On Switzerland’s Mount Pilatus, a Writer Remembers

MOUNT PILATUS CONSISTS of a range of mountains overlooking Lucerne and the neighboring lake of the same name. At its peak, it measures close to 7,000 feet: Rocky terrain and tall fir trees give way to lush valleys punctuated by gardens, wooden houses and grazing sheep. It is a regal and imposing range, part of the Swiss Alps, but overshadowed by other, more spectacular, peaks and lake views. It might not be the most obvious choice, but its allure lies in the myths and stories that surround its history, a bloody past filled with fire-breathing dragons and the bones of Pontius Pilate, the Roman governor who presided over the trial of Jesus Christ. Legend has it that after he committed suicide, the Romans tried to dispose of his corpse in a series of rivers. Storms overtook each river they chose, continuing until they fished the body out. Desperate, they found an isolated mountain in a distant forest in Switzerland and buried him there, where his anguished spirit rises every year on Good Friday in a futile effort to clean his bloodied hands.

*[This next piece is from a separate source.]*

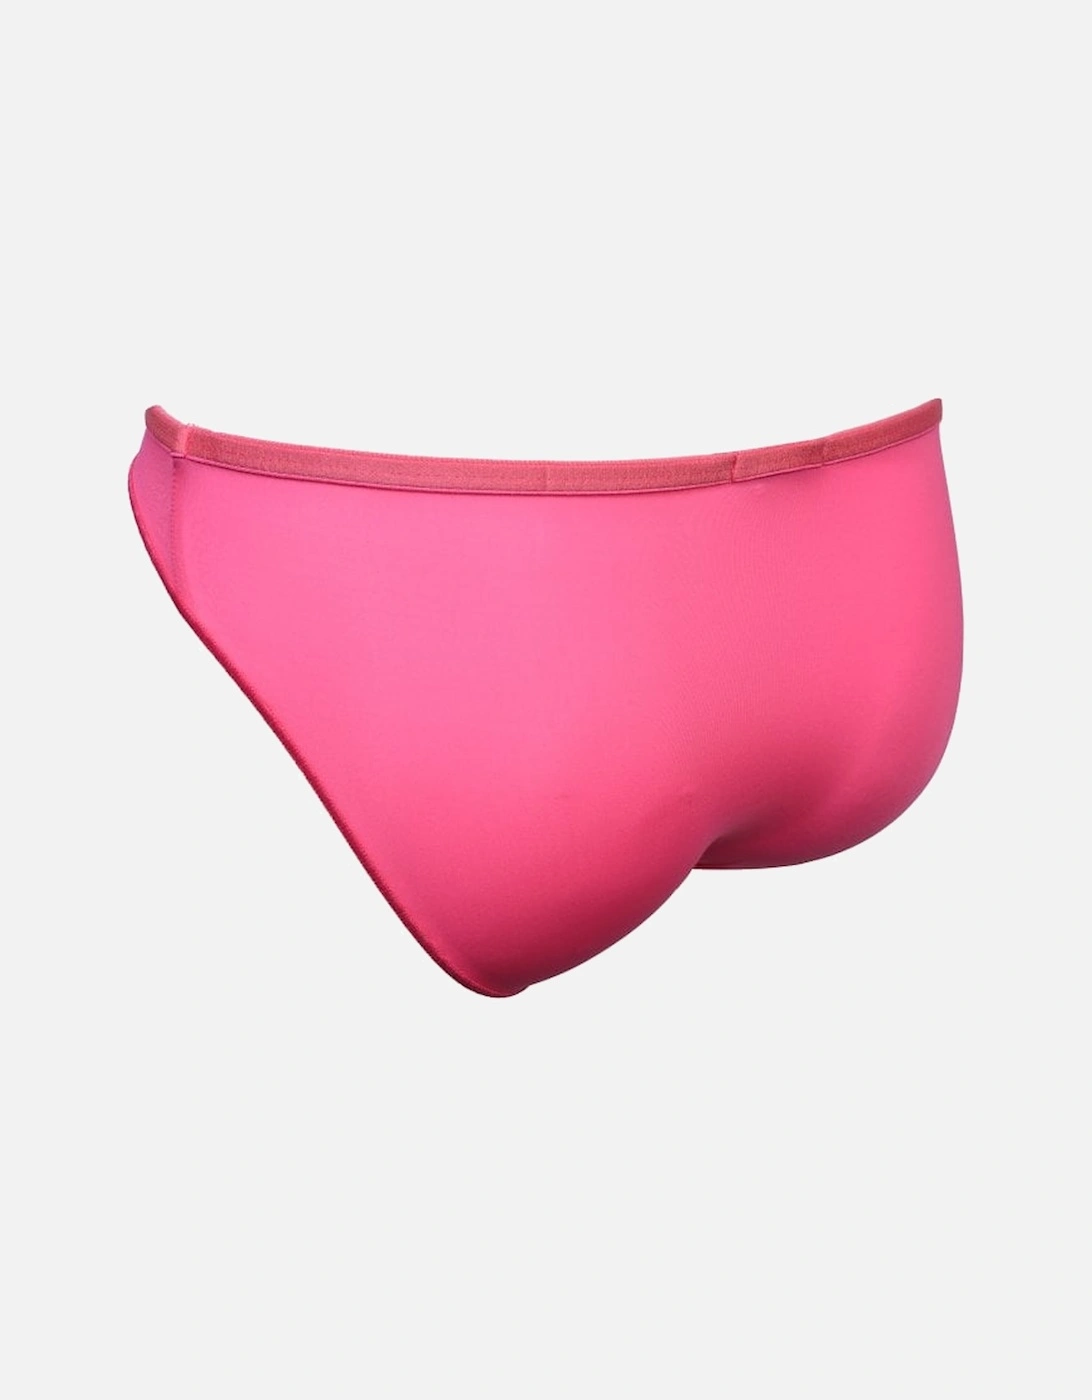 Plume Micro Brief, Pink

There is nothing tranquil about the history of Mount Pilatus. Even its former Latin name, Fractus Mons, “broken mountain,” hints at violence and decay. Swiss lore tells of terrifying thunderstorms and churning lake waters, of phantoms screeching through the air. Brochures marketing Mount Pilatus detail helpless cattle lifted into the sky and, for centuries, residents exchanged accounts of uprooted trees and flooding so heavy that the government of Lucerne forbade anyone from climbing the mountain. Pilatus was a fearsome place, prone to otherworldly storms, and spirits were the only way to explain what defied logic. Demons and monsters helped reframe the world for Lucerne’s residents. They broadened the possibilities of what could happen, when so much that was visible and concrete already tested the bounds of the villagers’ credulity: illnesses and sudden deaths, unexplained crop failures and livestock diseases, floods and storms. Those legends made what was disastrous seem quotidian, unremarkable. They made it bearable.

Today, these myths are merely a point of interest, a marketing angle to help distinguish Mount Pilatus from all the other scenic sites in Switzerland. The very real terrors that might have once existed have been replaced by curiosity and a condescending nod to the gullibility of unsophisticated people born in a different era. The stories are simply reflective of naïve superstitions and overdeveloped imaginations. Surely the same anxieties no longer exist.

Perhaps my mother had a private fear of her own she was hoping to overcome when she started her journey to Mount Pilatus. The place called to her in a way she could not explain, and woven into her many retellings of that trip was her palpable pride in having done it alone. After that trip, she was determined to take me.